This document covers what you actually do when something inside a running yuno is misbehaving: how to turn the right knobs to see what’s happening, where the output lands, how to follow a single message end-to-end through several yunos, and how the centralised log aggregator (logcenter) fits in.

Companion to YUNO_LIFECYCLE.md. That one covers how the agent manages yunos; this one covers how to look inside them.


1. Mental model

Three observation layers are independent. Confusing them is the first source of frustration:

LayerQuestion it answersHow you turn it on
Log (severity)“Did something bad happen?”Always on. Filter by severity in the log file.
Trace (categories)“What was the system doing just now?”set-global-trace / set-gclass-trace / set-gobj-trace — off by default.
Audit“What commands did operators run on this yuno?”Always written when use_audit_command_file=true.

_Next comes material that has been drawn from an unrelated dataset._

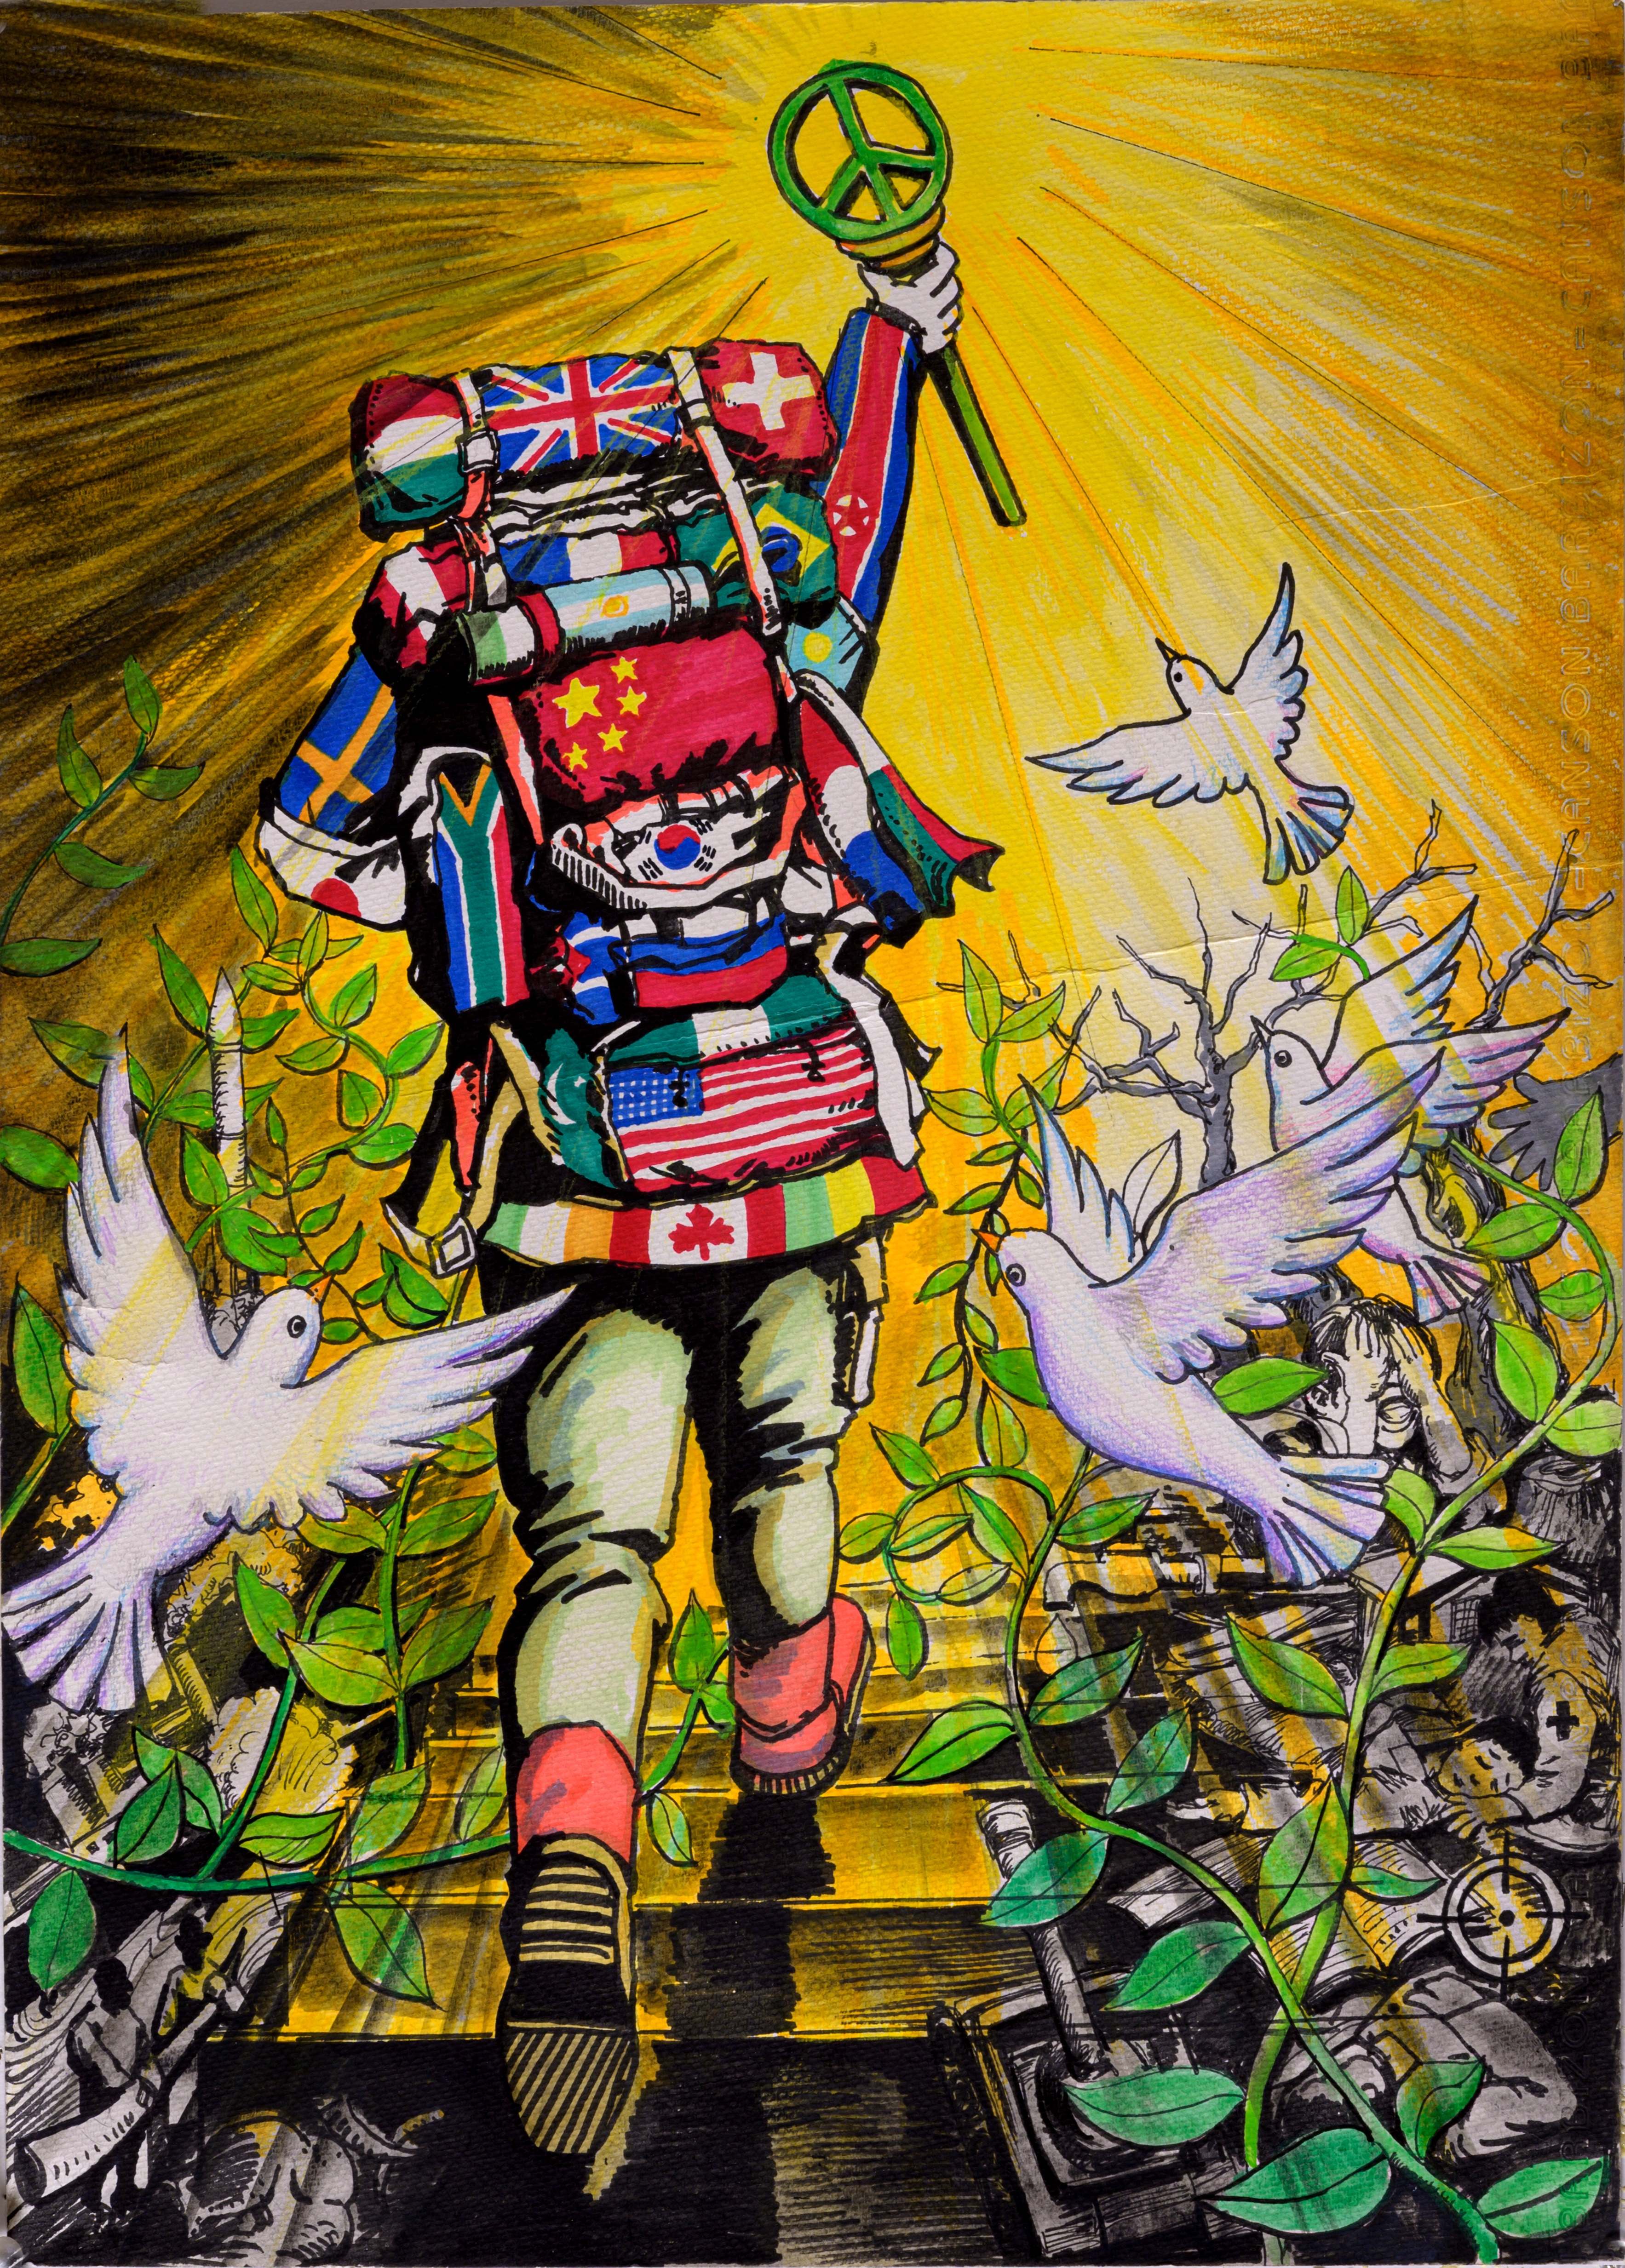 Zhuo Zhang, a 13-year-old boy from Xi’an, China, has a vision of what peace looks like. Zhang brought that vision to life through his art, earning him the grand prize in the Lions Clubs International Peace Poster Contest.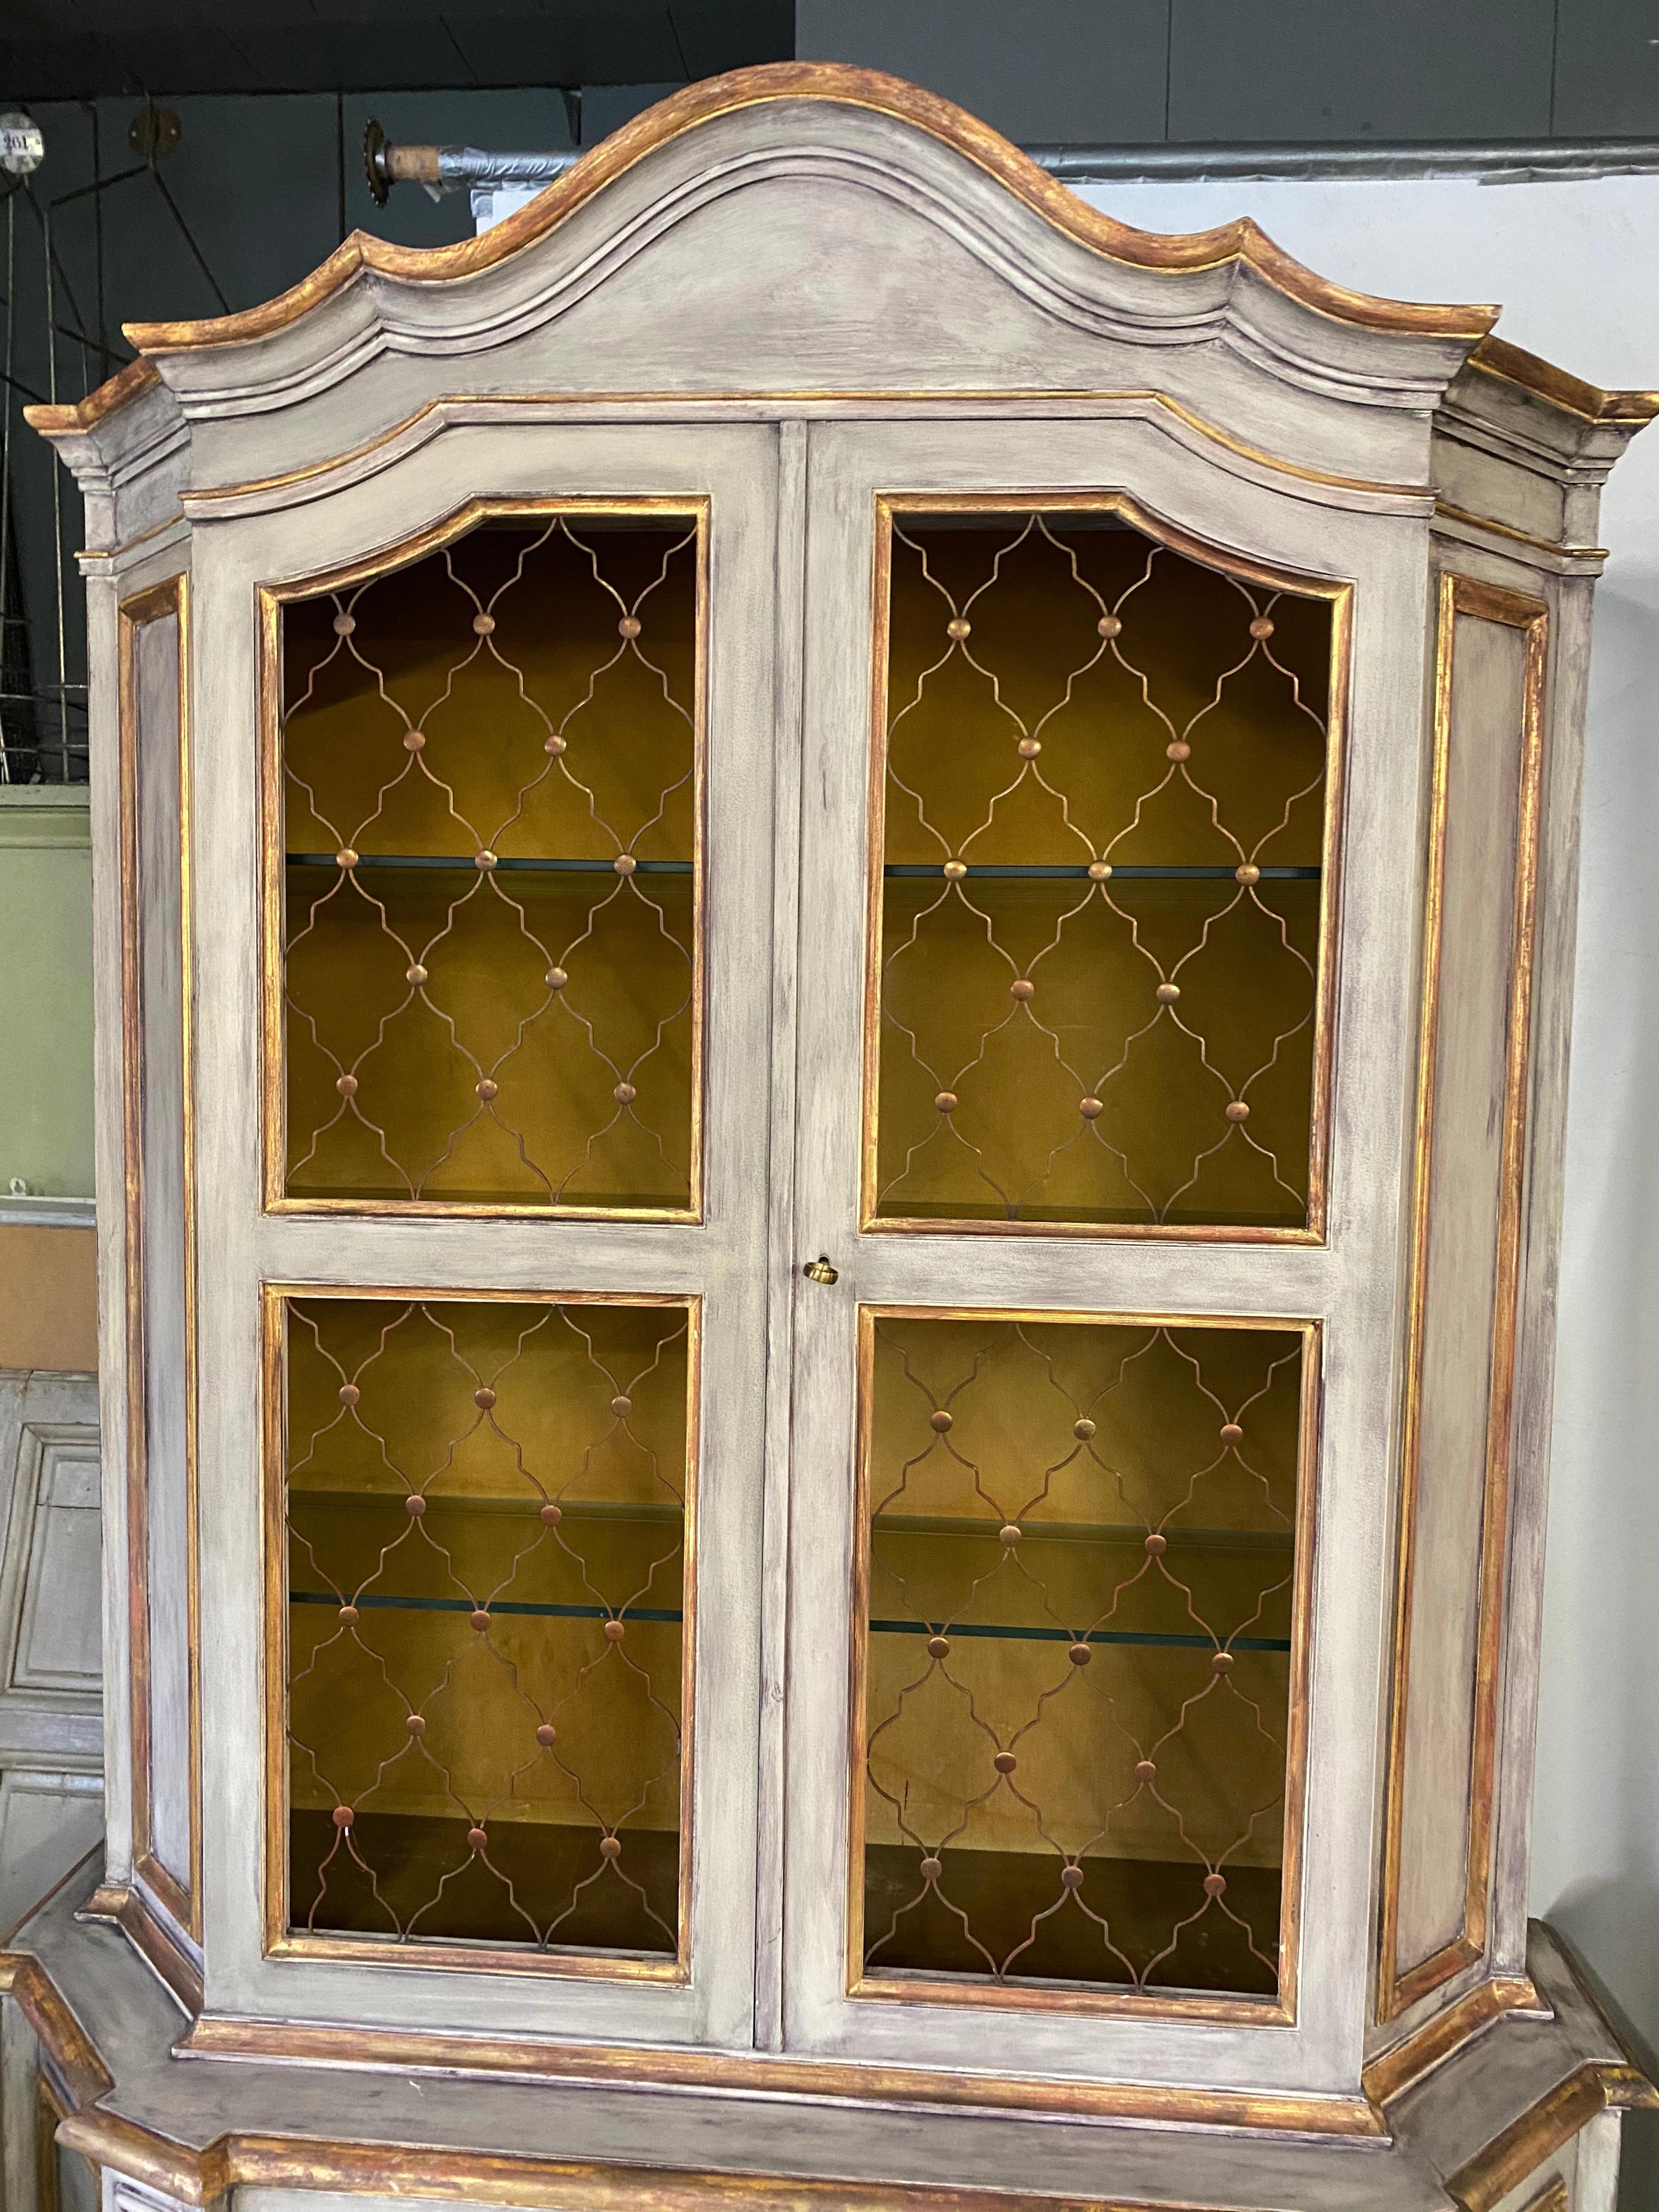 Venetian style cabinets have four (three glass) open shelves behind a pair of doors paneled with copper-colored screens above and two shelves below behind solid paneled doors. The pediment is in the Baroque Venetian style. Interiors above are lined

Two destinations, configurable per yuno via daemon_log_handlers in the yuno config JSON:

                        ┌──────────────────────────┐
       severity logs    │     file handler         │  → /yuneta/logs/<yuno>/<mask>.log
       + traces  ──────►│     (rotatory, ~8 MB)    │
                        └──────────────────────────┘
                        ┌──────────────────────────┐
                        │     udp handler          │  → udp://host:port
                        │     (default :1992)      │  → typically the logcenter yuno
                        └──────────────────────────┘
                        ┌──────────────────────────┐
                        │     stdout (console mode)│  → terminal when not daemonised
                        └──────────────────────────┘
                        ┌──────────────────────────┐
                        │     remote_log over      │
                        │     ievent / websocket   │  → SPA "dev panel" (live viewer)
                        └──────────────────────────┘

Same log line can fan out to all four destinations at once. None of them is “the” log — they are just different sinks.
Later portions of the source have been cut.